One Piece Arc Dressrosa

Ah, la Terre du Doflamingo... On en parle ou pas ? Parce que franchement, si on devait comparer ça à la vie de tous les jours, ce serait un peu comme quand tu décides de t'attaquer à une tâche administrative qui te semblait simple, et que, pouf, tu te retrouves embourbé dans un labyrinthe de paperasse, de rendez-vous annulés et de gens qui te promettent monts et merveilles avant de te laisser en plan.
Imaginez : vous voulez juste aller faire vos courses, un petit tour au marché pour acheter des fraises bien rouges. Et là, paf ! Un tyran qui a décidé que les fraises, c'est son monopole, et que pour en manger une, il faut passer par toute une série d'épreuves dignes d'un épisode de Koh-Lanta version cauchemardesque. C'est un peu ça, le feeling général de Dressrosa. On débarque avec des intentions pures, juste envie de trouver des trucs sympas, et on se retrouve au milieu d'une révolution.
On a Doflamingo, ce gars avec son manteau rose fluo et son sourire qui fait un peu penser à celui du voisin qui te demande de garder son chat pendant tes vacances (tu sais, celui qui te laissera une montagne de croquettes et te donnera les clés d'une maison qui sent le vieux). Sauf que lui, son "chat", c'est un royaume entier. Et son sourire, il cache des plans tellement tordus que tu te demandes s'il n'a pas mangé une mauvaise prune.
Et puis, il y a tous ces personnages secondaires, qui débarquent comme les cousins éloignés qu'on n'a pas vus depuis dix ans et qui débarquent avec un sac plein de problèmes. On a les gladiateurs qui se battent dans un Colisée qui ressemble à un Sun Plaza bondé un samedi après-midi, où tout le monde crie et personne n'entend rien. Des noms qui te font saliver comme "Gala" ou "Cavendish" (lui, c'est le type qui se la raconte grave sur les réseaux sociaux, mais avec une épée).
Les Chapeaux de Paille, eux, ils sont là, un peu comme nous quand on essaie de rester zen pendant le Black Friday. Ils veulent juste aider, faire ce qui est juste. Mais on se retrouve avec des jouets vivants, des combats à n'en plus finir, et des retournements de situation qui te font dire : "Mais comment ils font ?!". C'est comme essayer de suivre une recette de cuisine compliquée quand ton micro-ondes refuse de fonctionner et que ton chien essaie de voler la farine.

Et le Seigneur des Anneaux... pardon, le Roi des Marionnettes, Doflamingo ! Ce type est tellement omniprésent que tu as l'impression qu'il est dans tous les plans.

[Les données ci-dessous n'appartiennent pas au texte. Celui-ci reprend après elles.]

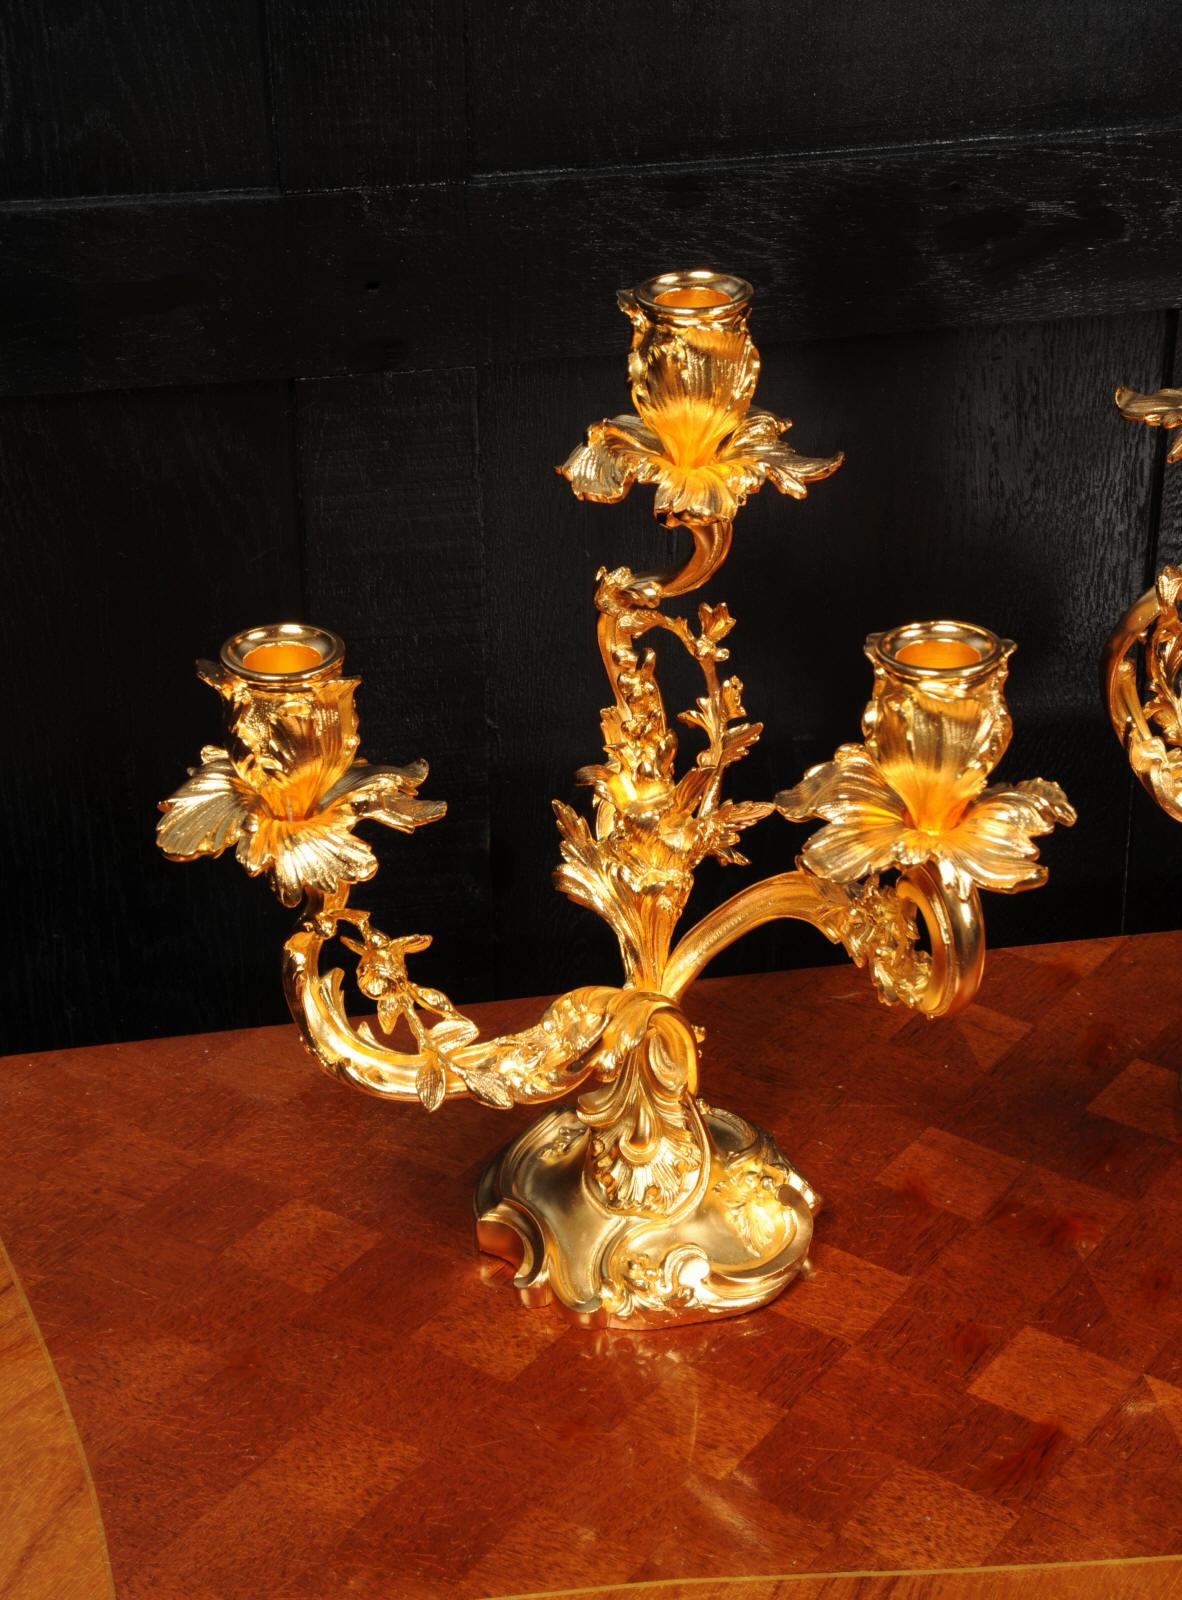 A magnificent pair of antique French candelabra in the manner of Juste Aurele Meissonier (Italian, 1695-1750). Beautifully formed as acanthus wrapped stems, with swirling acanthus arms and fluted tulip-form nozzles. The design is beautifully bold,

C'est le pote qui a toujours une anecdote, mais qui finit toujours par te dire "et au fait, je peux te prêter de l'argent ?". Sauf que là, il prête pas de l'argent, il prête des problèmes.

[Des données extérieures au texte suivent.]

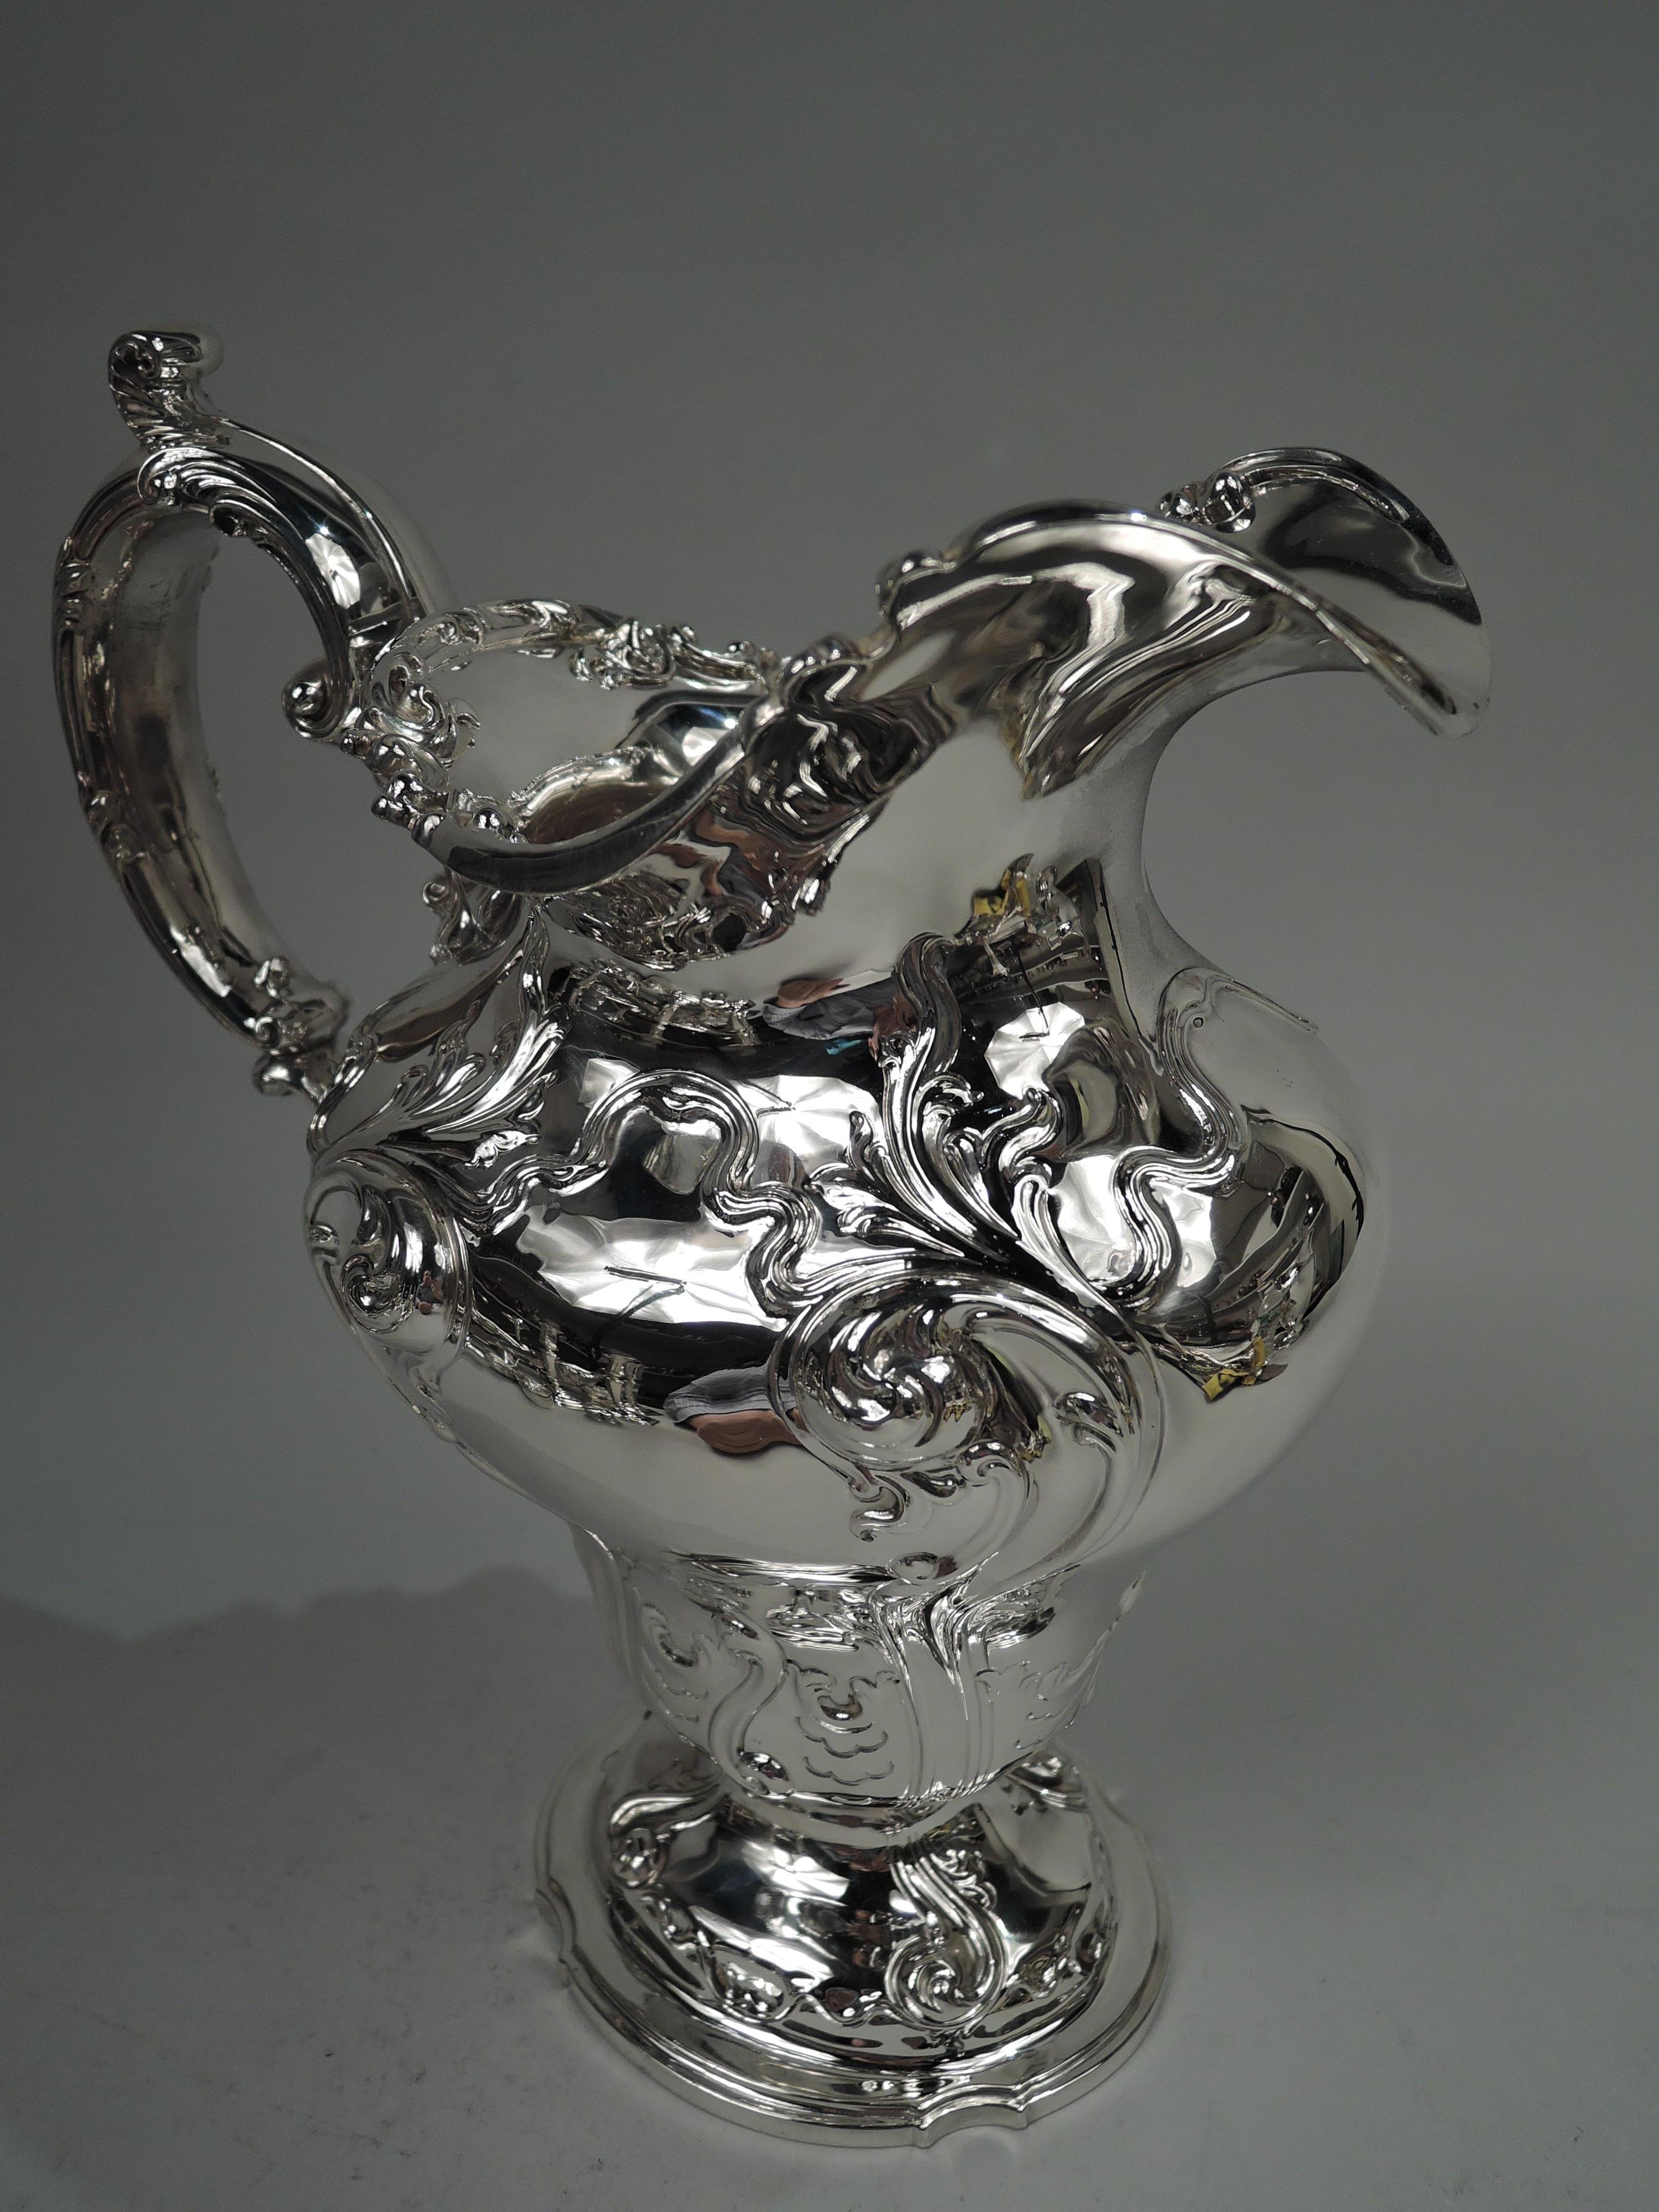 Fancy American Victorian sterling silver water pitcher, ca 1900. Ovoid with baluster bowl on domed foot. Helmet mouth and high-looping leaf-capped double-scroll handle. Chased fluid ornament with leafing scrollwork and tendrils. Rim interior has

Sérieux, la scène où ils doivent infiltrer le palais, c'est le niveau expert de "j'essaie de rentrer chez moi discrètement après une soirée un peu trop longue". Tu te faufiles, tu fais attention au moindre bruit, et tu te dis "pourvu que personne ne voie que je suis là". Sauf que là, le "personne", c'est une armée de soldats qui ont des yeux partout, comme ta mère quand tu essaies de piquer un biscuit avant le dîner.

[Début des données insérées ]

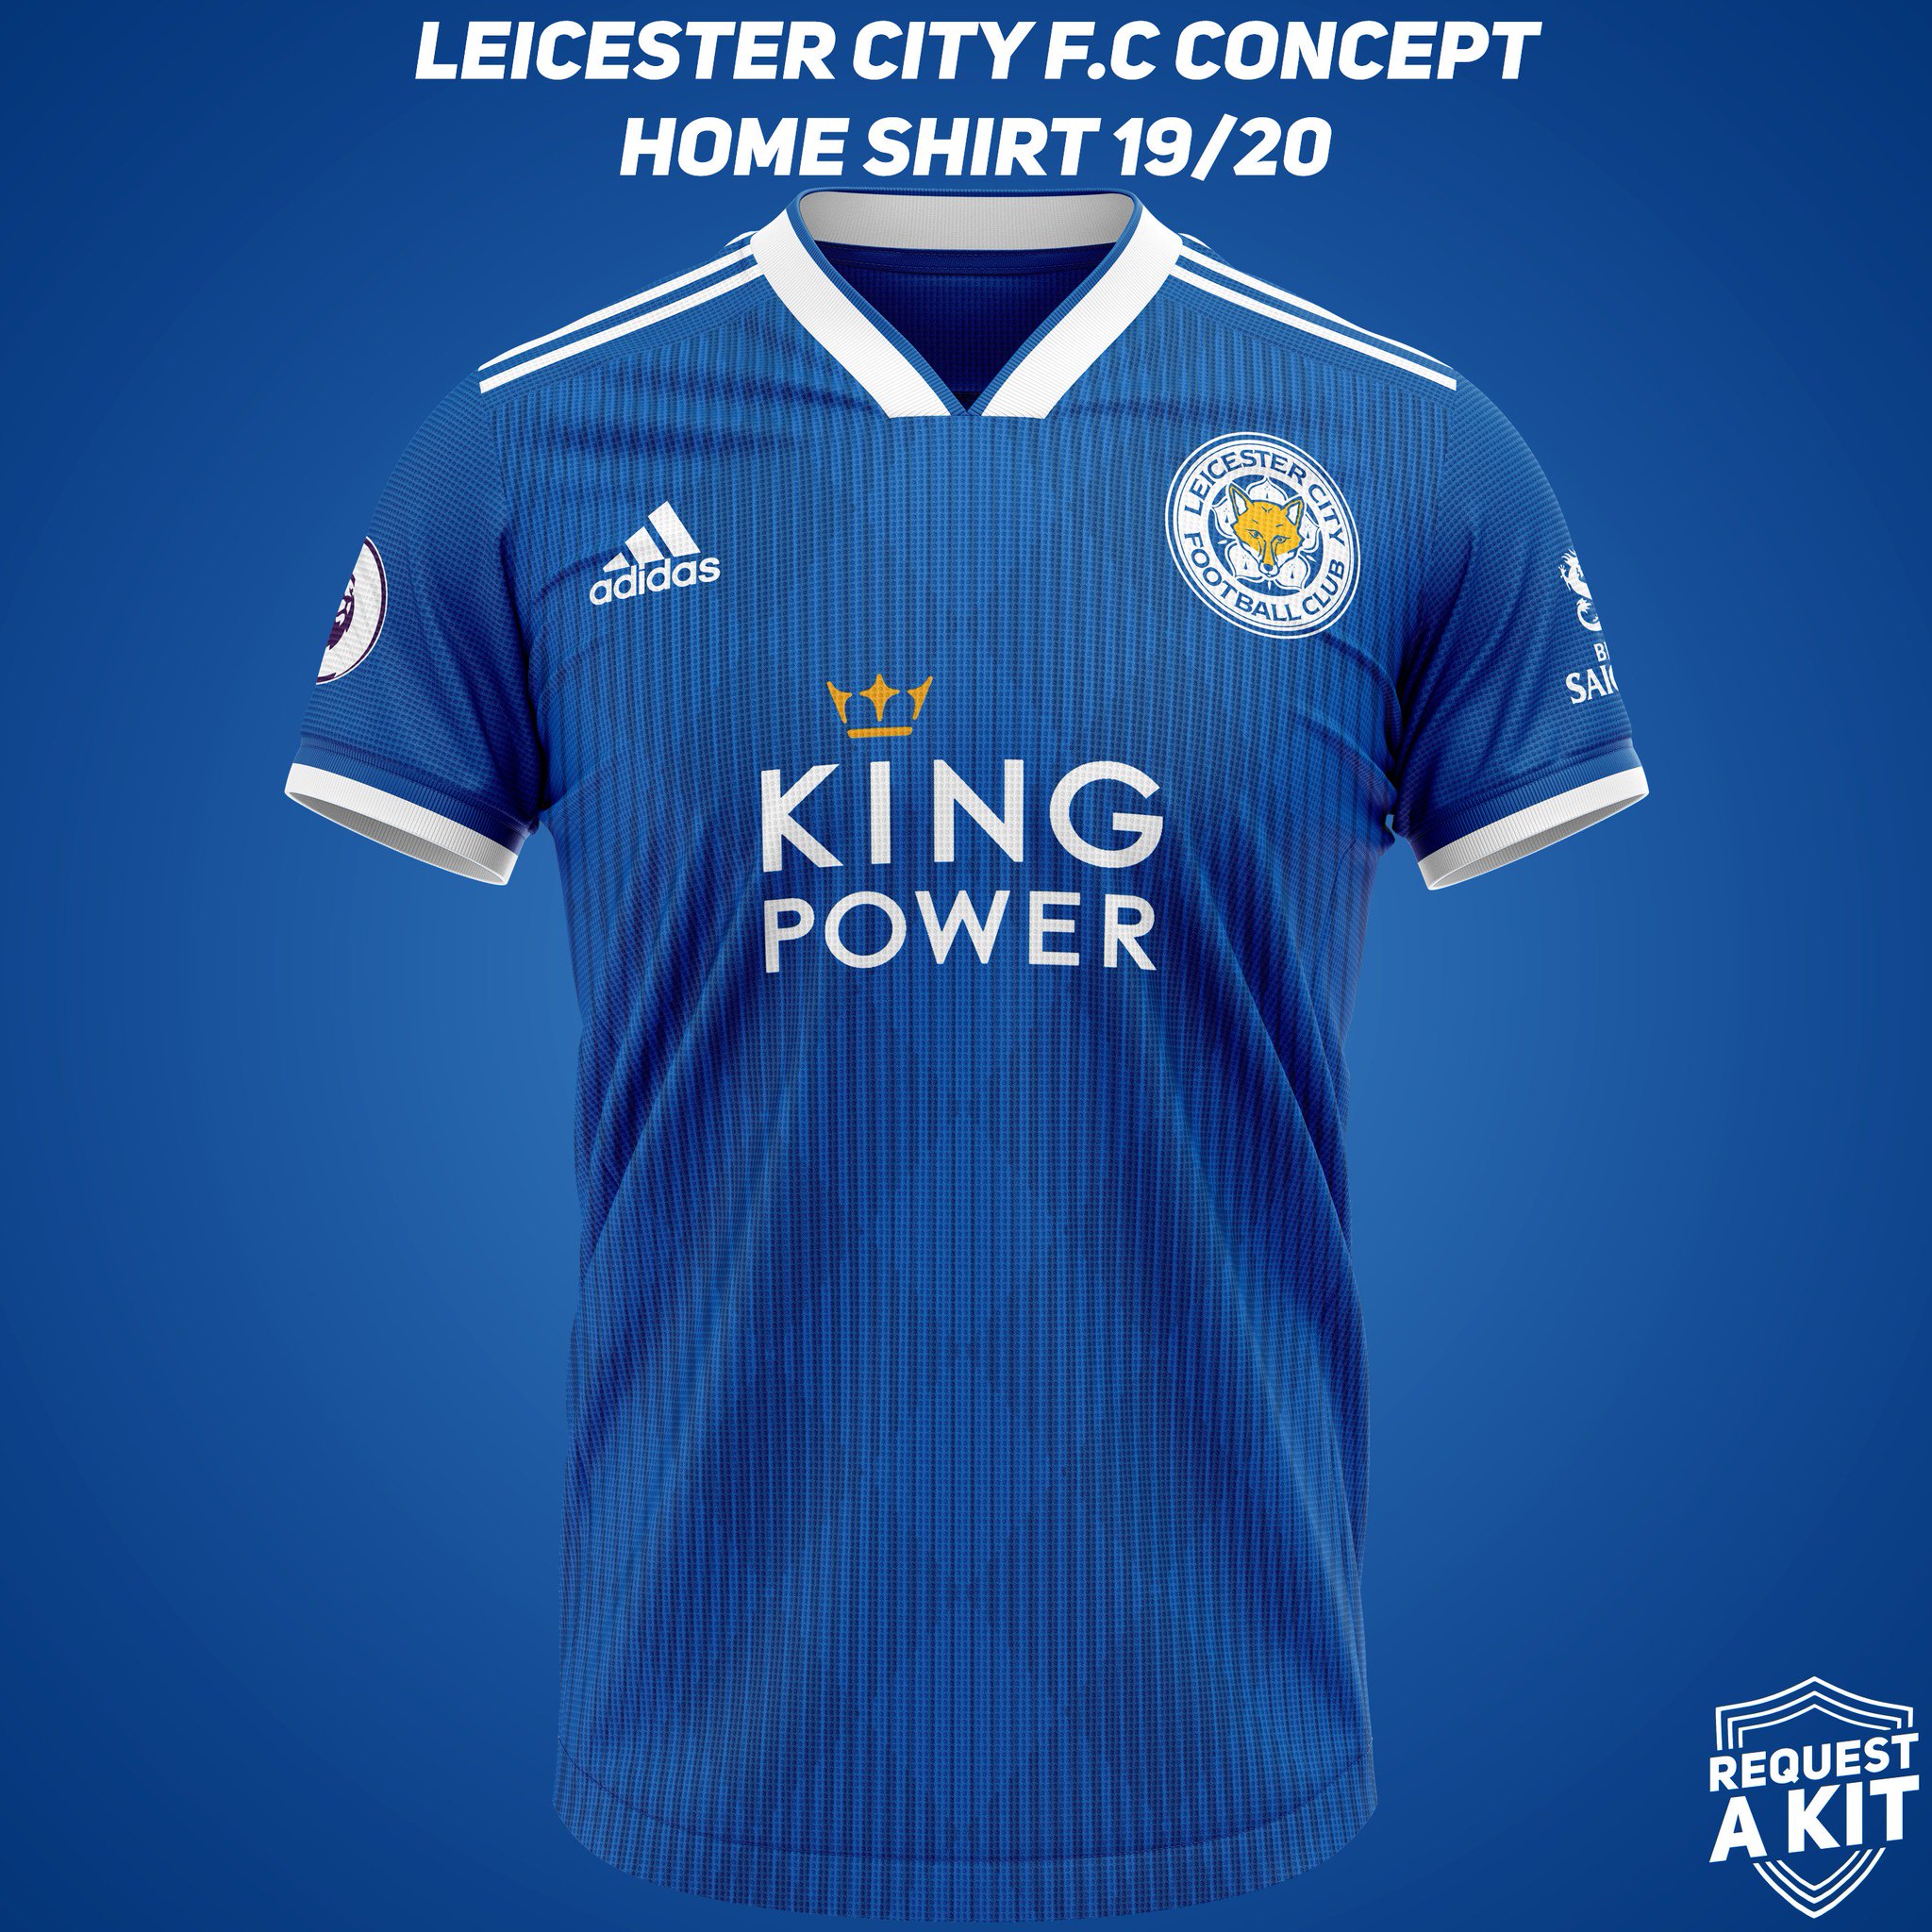 new leicester city kit

Ce qui est génial avec Dressrosa, c'est que malgré le chaos, il y a toujours cette lueur d'espoir. Les gens se battent pour leur liberté, pour un avenir meilleur. C'est un peu comme quand tu finis par comprendre comment fonctionne l'application de ta banque. C'est long, c'est frustrant, mais une fois que tu y arrives, tu te sens invincible.
Alors oui, Dressrosa, c'est une sacrée aventure. Ça te prend la tête, ça te fait rire, et ça te donne envie de hurler "Mais arrêtez ce cirque !". Mais au final, comme quand tu termines ce projet compliqué au travail, il y a une satisfaction immense. Et surtout, tu te dis que rien n'est impossible, même quand tu es face à un tyran en robe rose.